Project 4 / Scene Recognition with Bag of Words

Project Aim

The aim of this project is to build a scene recognition system. This classifier system takes image features and classifies different categories of images. Later, various enhancements are done with different methods to test the system on test data. This project has 3 different implementations/methods to classify the scene and recognize the same.
The feature descriptors used are

  1. Tiny Image
  2. Bag of Sifts
The different types of classifiers used:
  1. Nearest Neighbor Classifier
  2. Linear Support Vector Machine
The combinations used:
  1. Tiny images representation and nearest neighbor classifier
  2. Bag of SIFT representation and nearest neighbor classifier
  3. Bag of SIFT representation and linear SVM classifier

Tiny Images

This method is a very simplistic way of representing images. We simply shrink the image data to very small dimensions such as 16 X 16 and then make them zero mean. However, this method is lossy with respect to spatial and brightness shifts in the original image. After this representation is done, it is then sent through the classifier to get the classification accuracy

Bag of Words

  1. Vocab building
  2. I implemented this feature descriptor to represent the information for every image by first building a vocabulary and then using the training and testing data to form the representation. It is called bag of SIFT due to SIFT features being used. Varying levels of vocabulary sizes gave different accuracies (shown as a table in extra credit section).
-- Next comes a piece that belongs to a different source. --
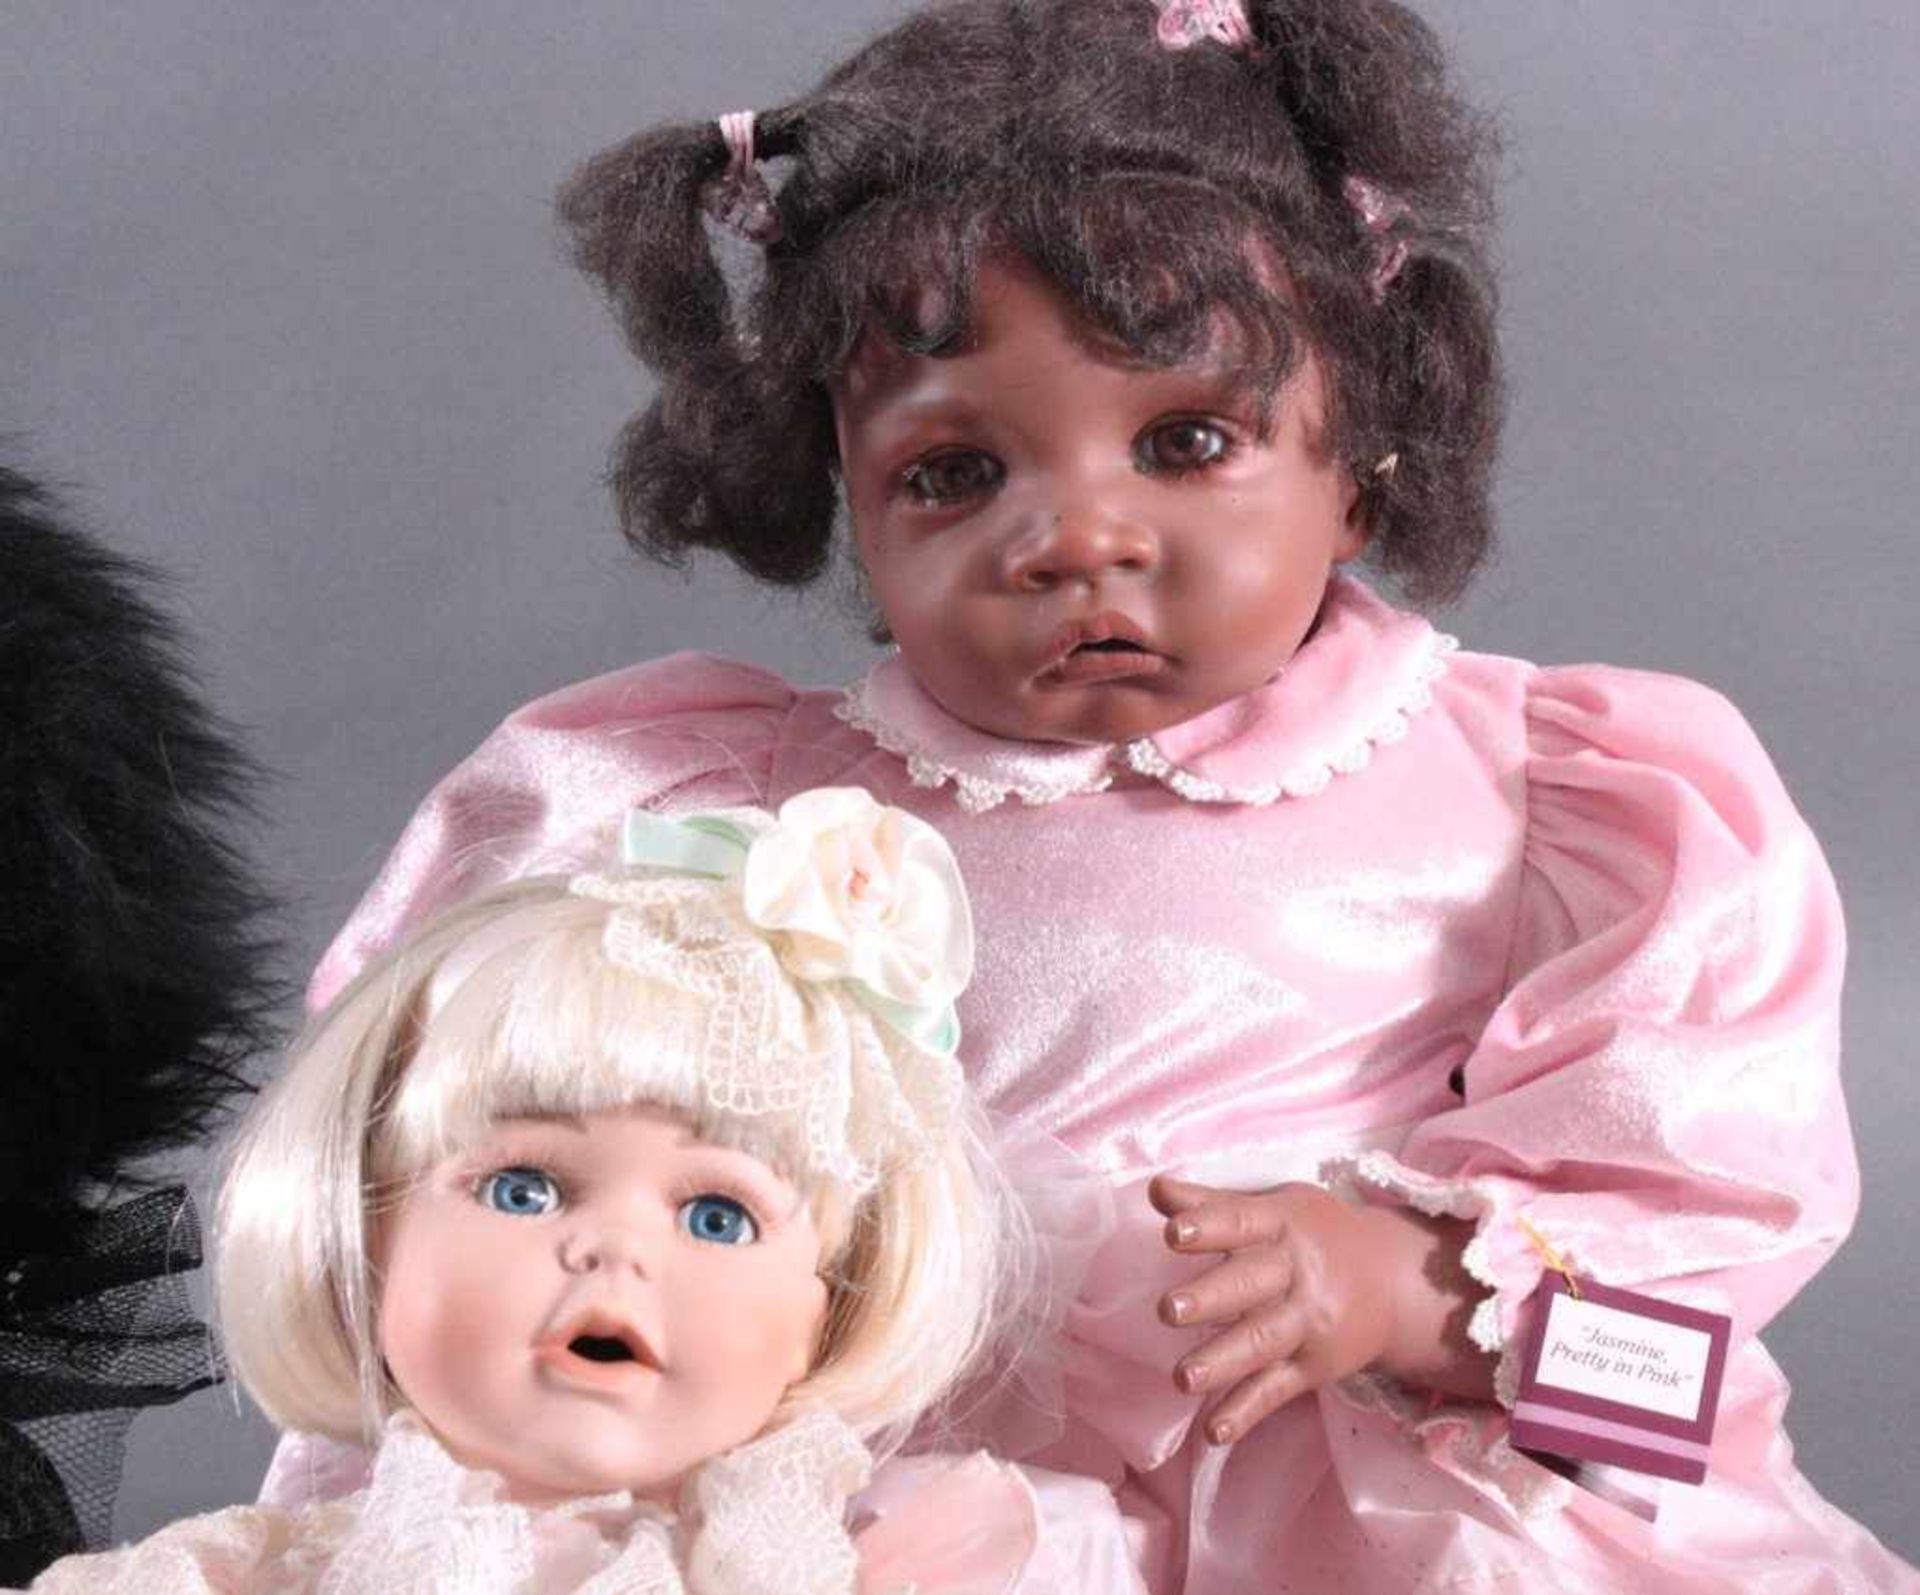 Konvolut Puppen5 Stück, Porzellankopf, -hände und -füße, Stoffkörper.1 "RF-Collection" Puppe, blonde - Bild 3 aus 3

The vocab is built as vocab.mat

  3. Bag of sift
  4. After vocab building is done uing SIFT features, I built the bag of sift representation. SIFT features are calculated for image from training set and then distances is measured between all points to centers. Using the minimum distance the counts for each bin of the histogram is calculated based on the closeness to the cluster center. The histogram bins gives the bag of sift representation for each image

Nearest Neighbor

In the nearest neighbor classifier, I find the distance of every image feature with the correspnding features of the training image and based on the closeness assign the cateogry to which the test image belons

Support Vector Machine

The goal in this project is to implement a linear SVM (Support Vector Machine). The VL_feat SVM package gives the parameters as the output for SVM which is used to classify the category of the test images. The steps are:

  1. Train the SVM using train features and labels
  2. The values returned form SVM train is stored per cateogry
  3. For each test image, classifier is run and based on the higher confidence, the category is defined for the image


Initially vocab size of 200 is used to build and obtain all the following results.

Tiny Image and Nearest Neighbor

I used 1 - Nearest Neighbor and Tiny Images to obtain the following confusion matrix.

Accuracy = 23.8%. Classifier: Nearest Neighbor
Detailed Results Here

Bag of Sift and Nearest Neighbor

I used 1 - Nearest Neighbor and Bag of Sift Representation to obtain the following confusion matrix.

Accuracy = 51.1%. Classifier: Nearest Neighbor
Detailed Results Here

Bag of Sift and Linear SVM

I obtained the following confusion matrix.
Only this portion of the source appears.